HOW TO COMPLETE THIS TASK: The answer should hold only the lines from the one containing "Pumpkin 2.5kg on" through the one containing "Thank you for" in the entries below, copied exactly, without pictures.

SUPPLIED MATERIAL:
# # # #
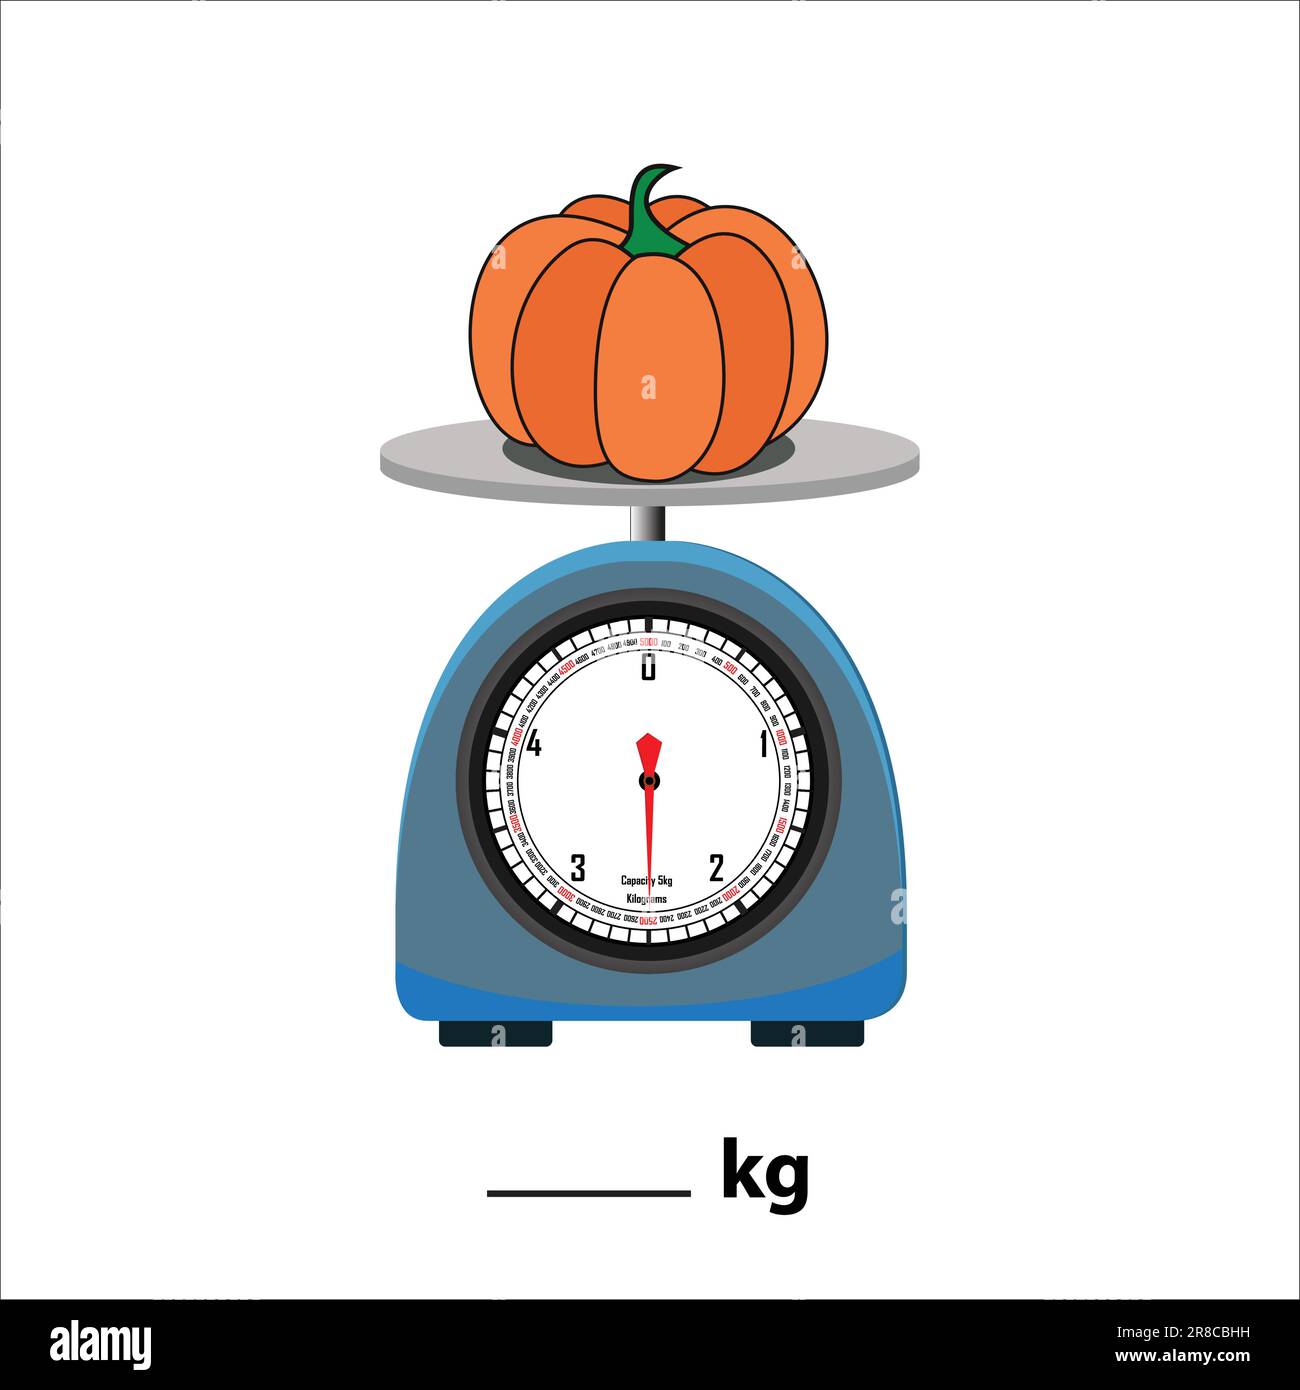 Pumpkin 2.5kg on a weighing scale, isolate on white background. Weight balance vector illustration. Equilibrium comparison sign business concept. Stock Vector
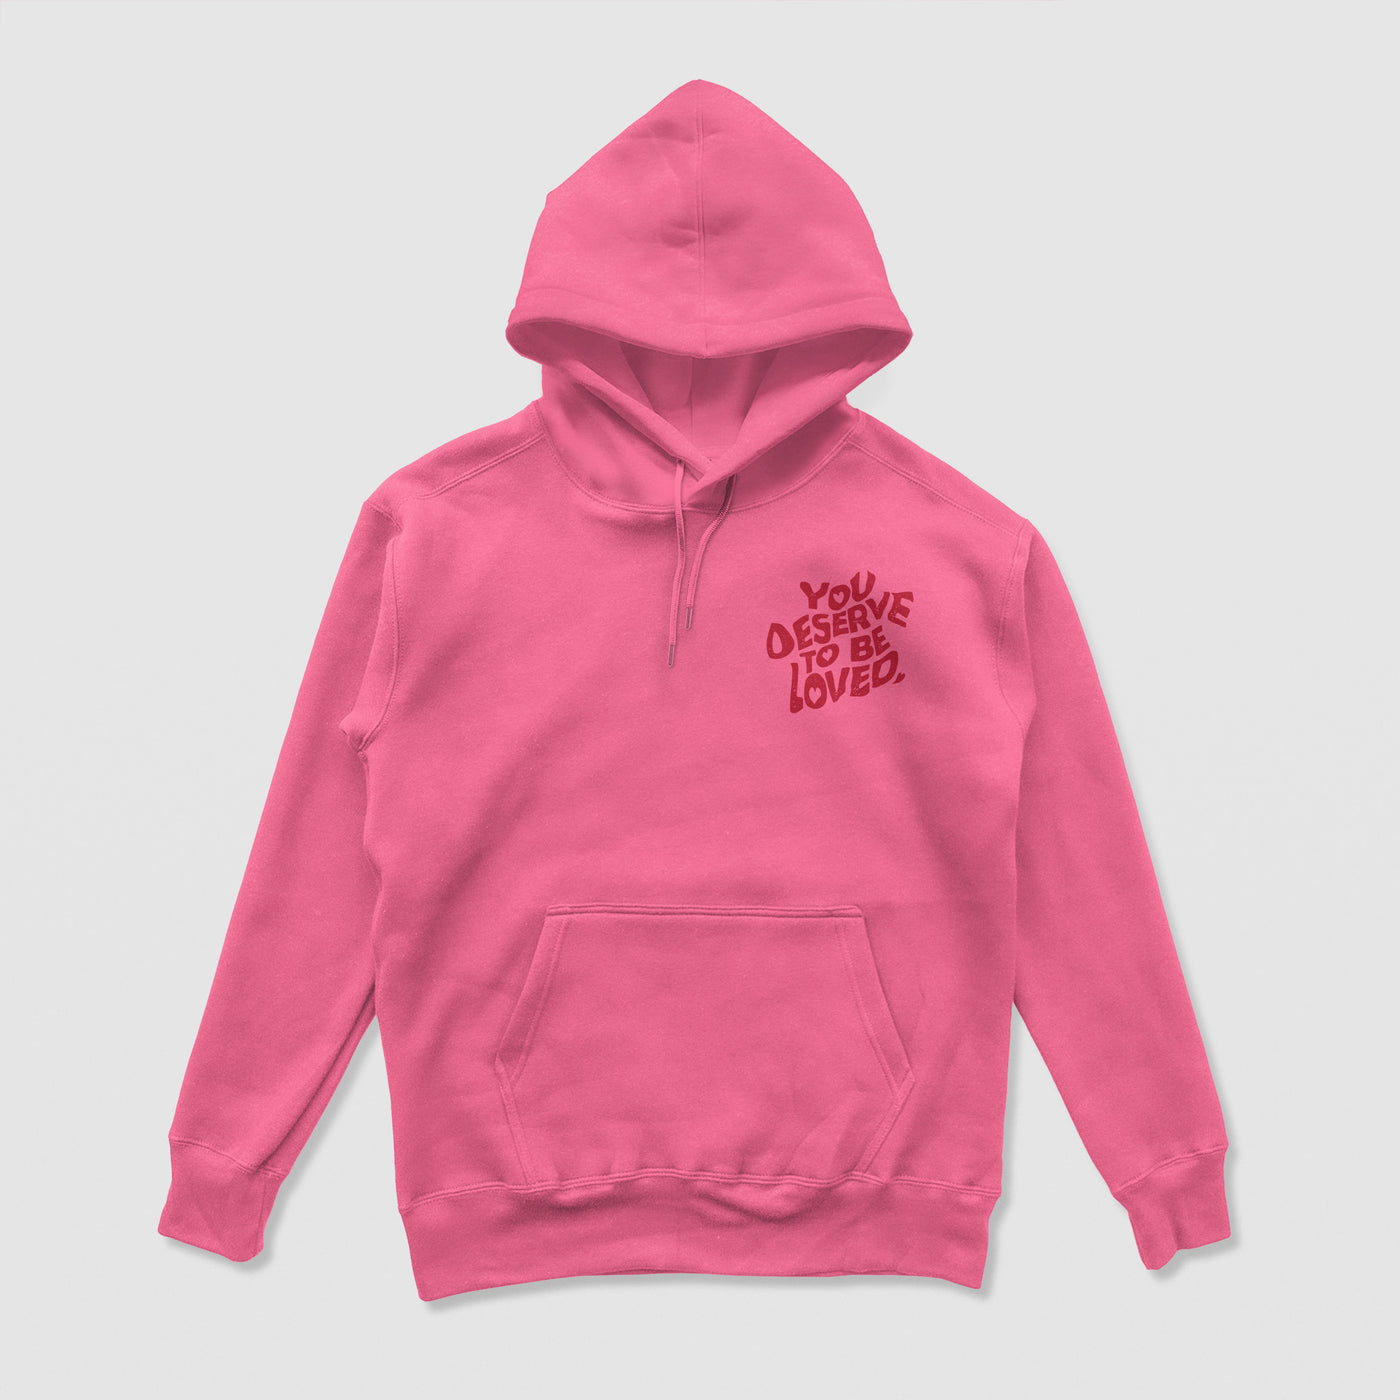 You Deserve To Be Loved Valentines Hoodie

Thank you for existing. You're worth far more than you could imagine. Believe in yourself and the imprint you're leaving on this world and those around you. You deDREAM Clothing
# # # #
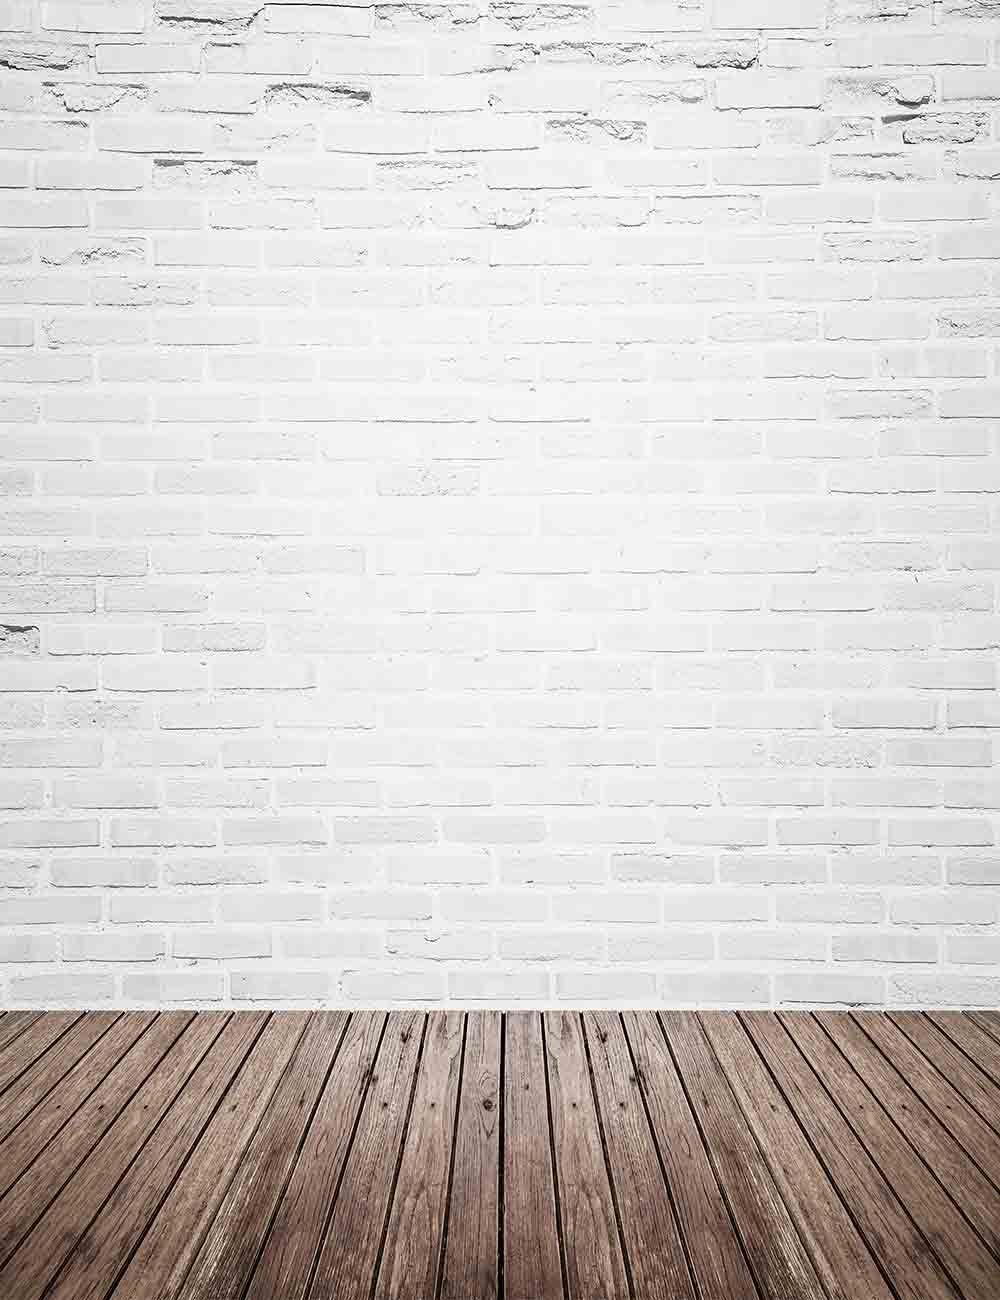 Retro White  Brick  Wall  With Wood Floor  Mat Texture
# # # #
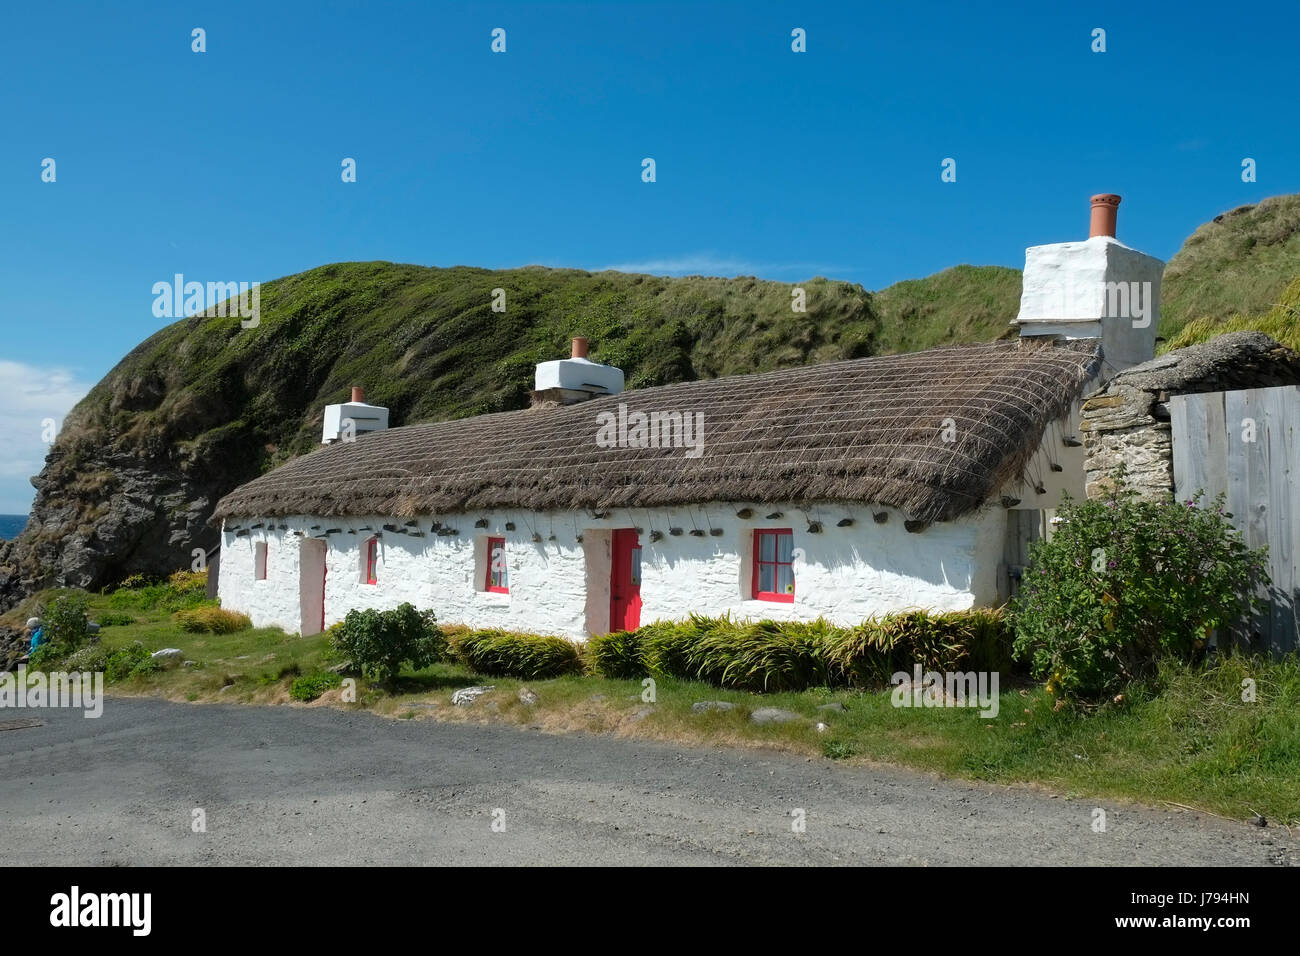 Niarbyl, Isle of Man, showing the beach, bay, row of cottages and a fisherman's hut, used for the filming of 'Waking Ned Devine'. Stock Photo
# # # #
WRITTEN RESPONSE:
 Pumpkin 2.5kg on a weighing scale, isolate on white background. Weight balance vector illustration. Equilibrium comparison sign business concept. Stock Vector
 You Deserve To Be Loved Valentines Hoodie

Thank you for existing. You're worth far more than you could imagine. Believe in yourself and the imprint you're leaving on this world and those around you. You deDREAM Clothing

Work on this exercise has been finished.